Yes if you control the data inputs, enrichment, or feedback loops in operation. You still need governance over the data that influences model outputs and any retraining or tuning you perform (Source: ISO/IEC 42001 overview).
What’s the minimum viable dataset inventory for audit purposes?
Track dataset ID/name, owner, purpose, source, classification/restrictions, versioning approach, and which models use it. Add lineage pointers and quality checks for the datasets tied to production models first.
How do we prove provenance if our tooling is immature?
Use structured run manifests that capture dataset IDs/versions, source references, transformation job identifiers, and code commit hashes, then store them in an immutable log location. Auditors want reproducibility and traceability more than a specific tool.
Do we need data governance controls for synthetic data?

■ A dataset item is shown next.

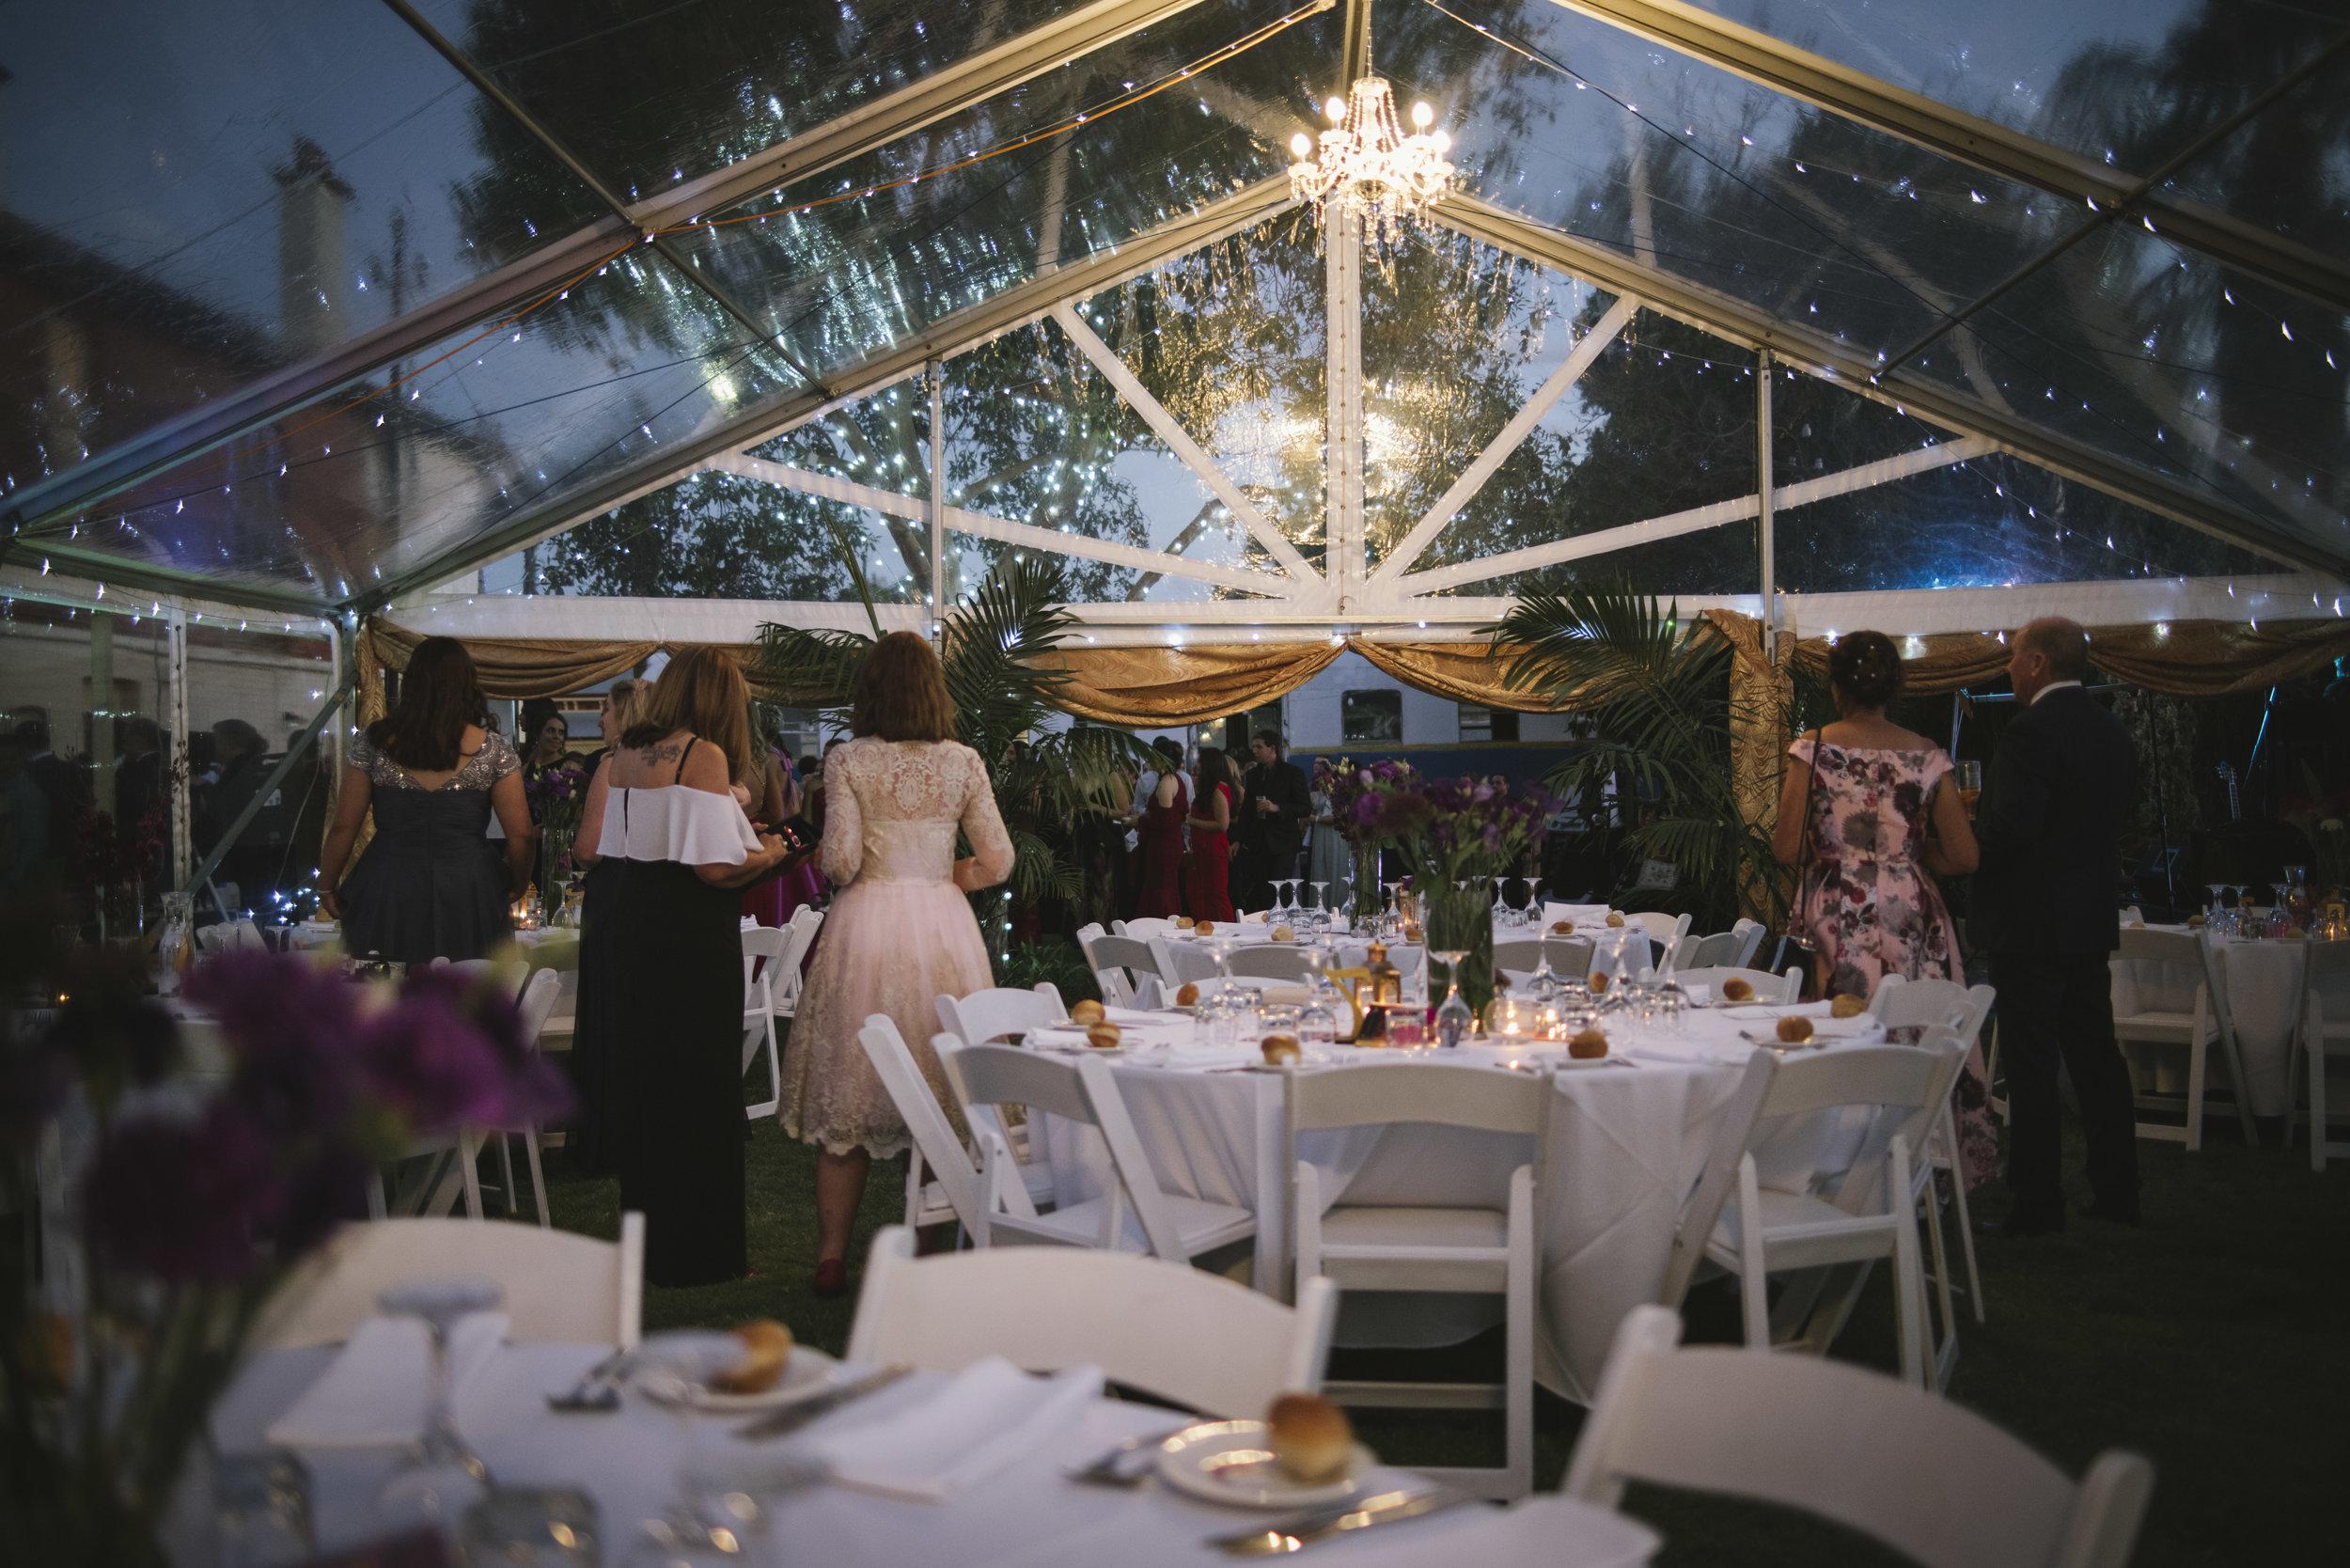 Angie Roe Photography Grand Ball Northam Perth Avon Valley Wheatbelt Event Photographer (35).jpg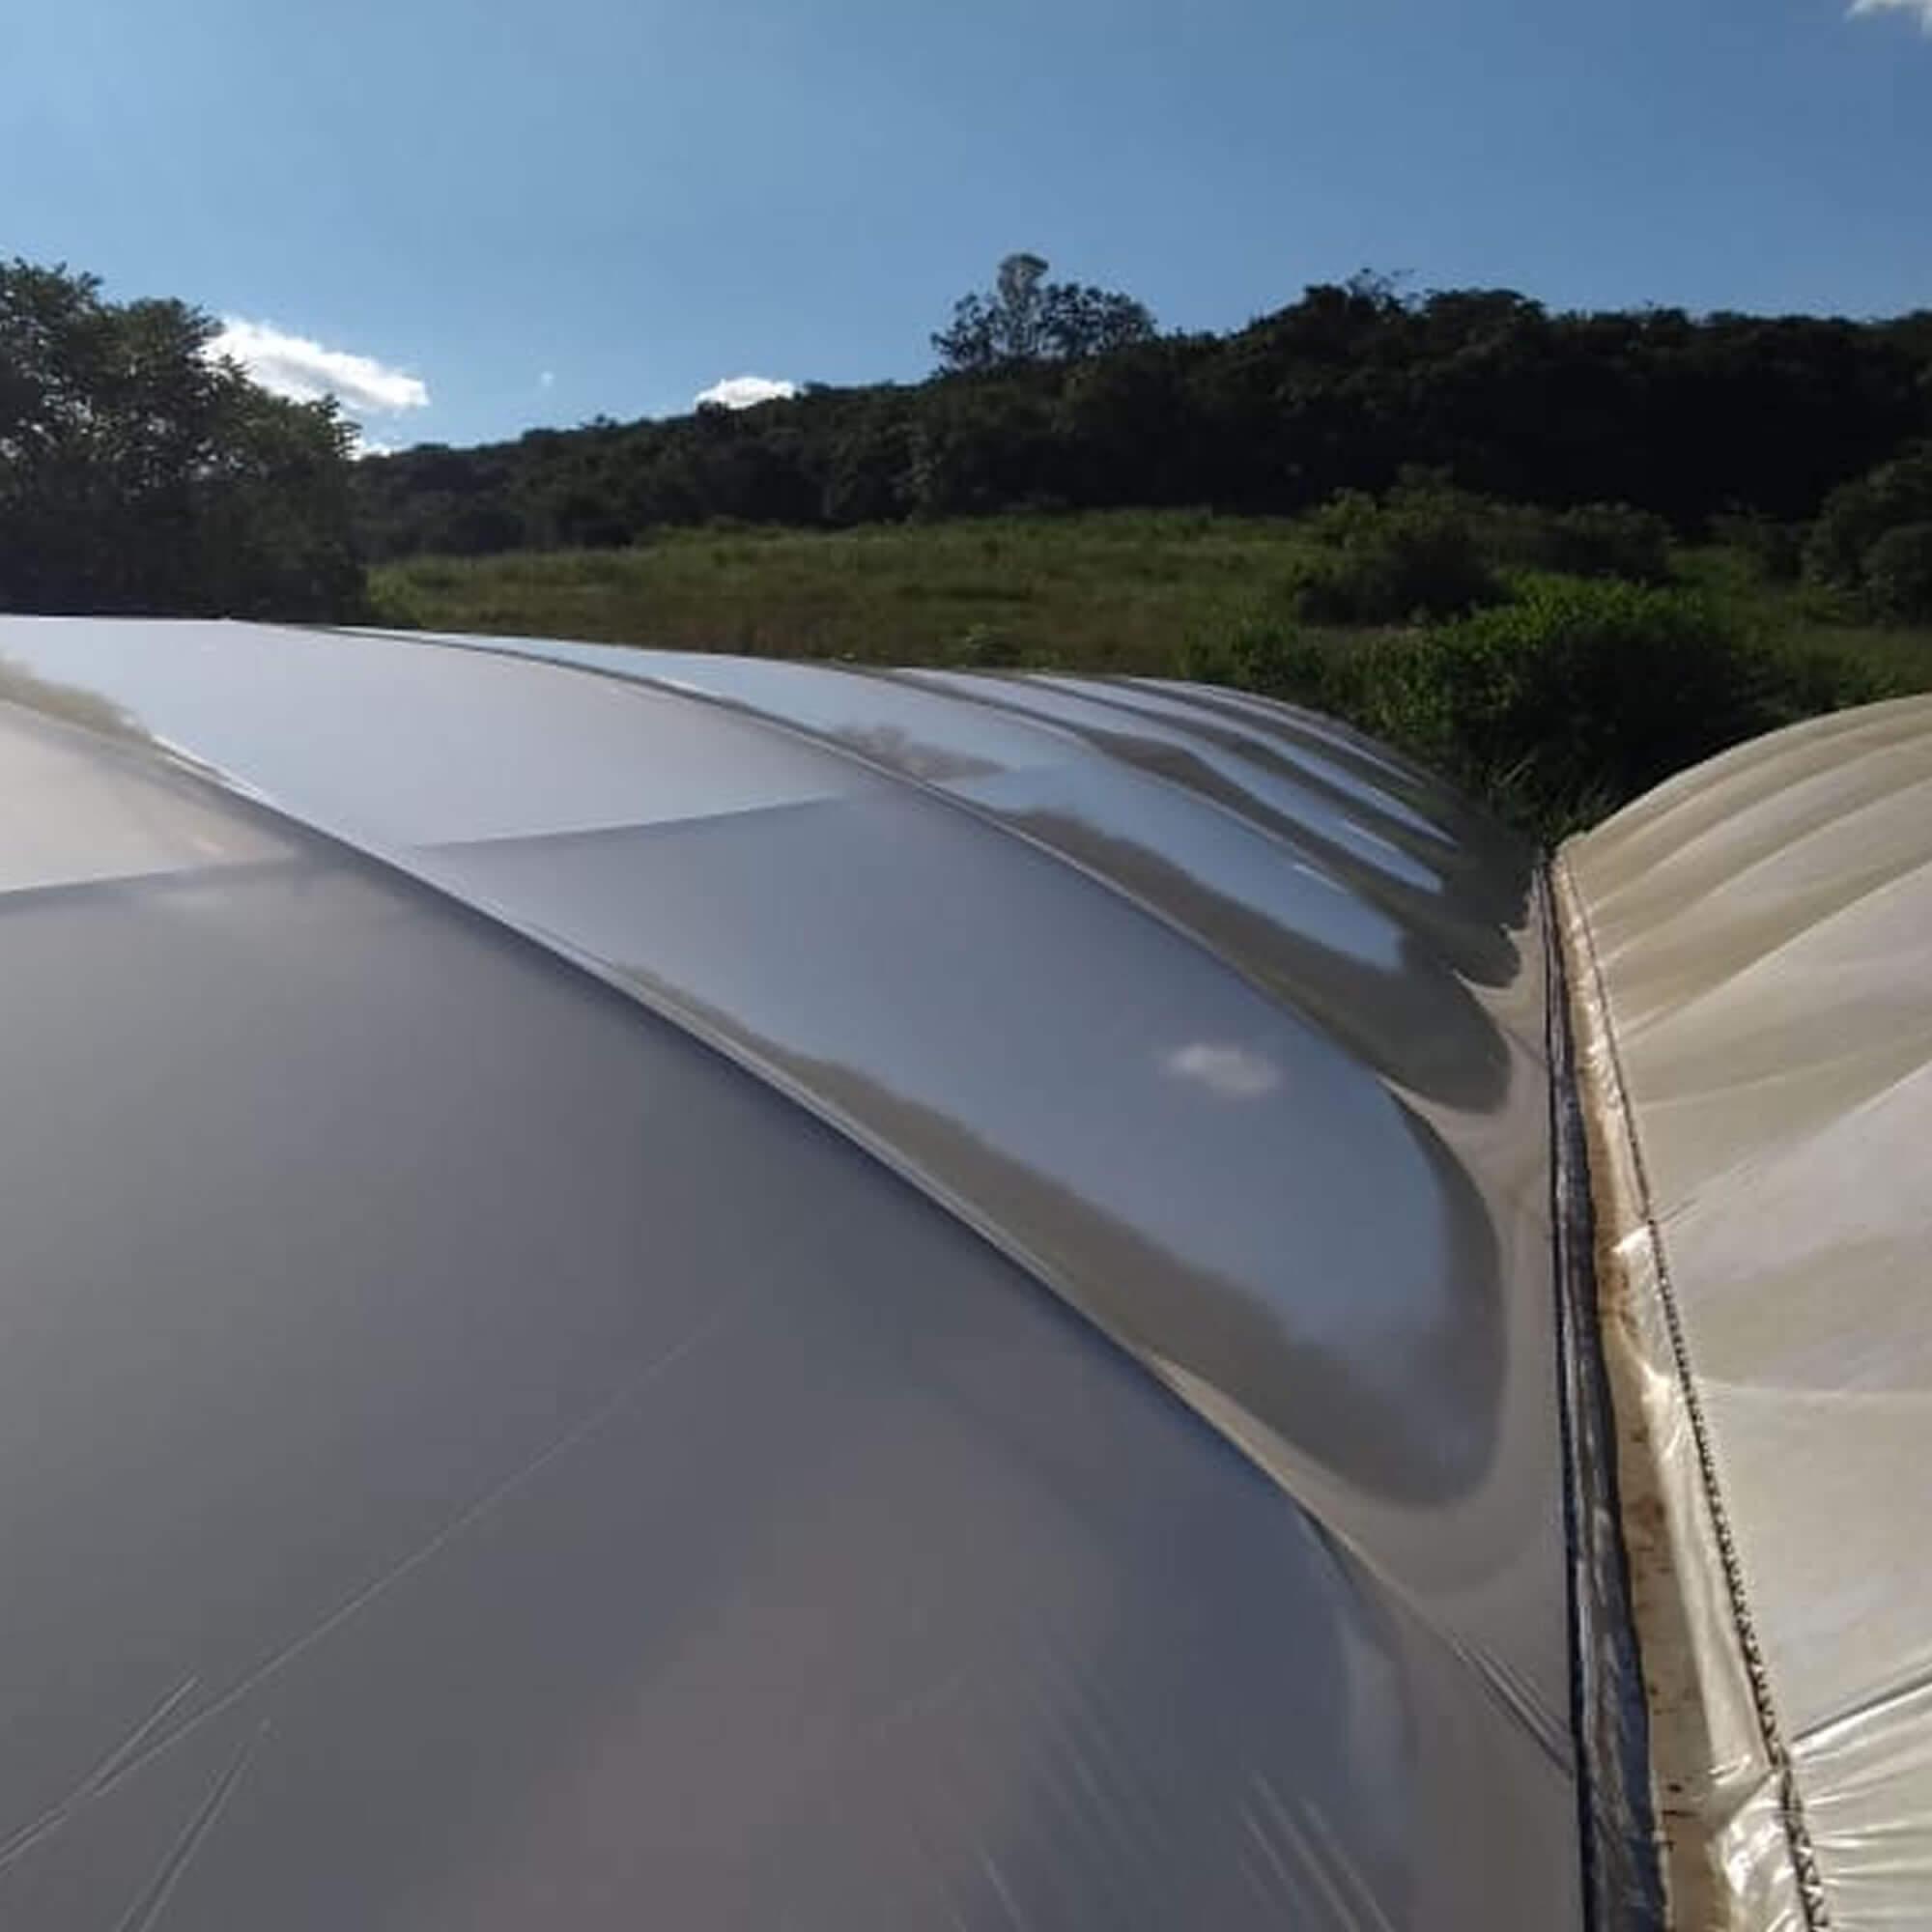 Filme Plástico Difusor para Estufa - 4x100 metros - 120 micras - Politiv

Yes. Record why synthetic data is used, how it was generated, what source data informed it (if any), and what quality checks validate it for the model’s purpose. Treat it as a dataset with provenance and lifecycle controls.
How do we handle fast-changing data sources without freezing development?
Define change tiers. Low-risk changes can auto-approve with testing; high-risk changes (schema/meaning shifts, new third-party sources) require a model impact assessment and explicit approval before training or deployment.
What evidence is most persuasive in an ISO/IEC 42001 audit?
Artifacts that show controls ran: automated test logs, lineage outputs, signed approvals, and monitoring alerts with remediation tickets. Written policies help, but auditors test operating effectiveness (Source: ISO/IEC 42001 overview).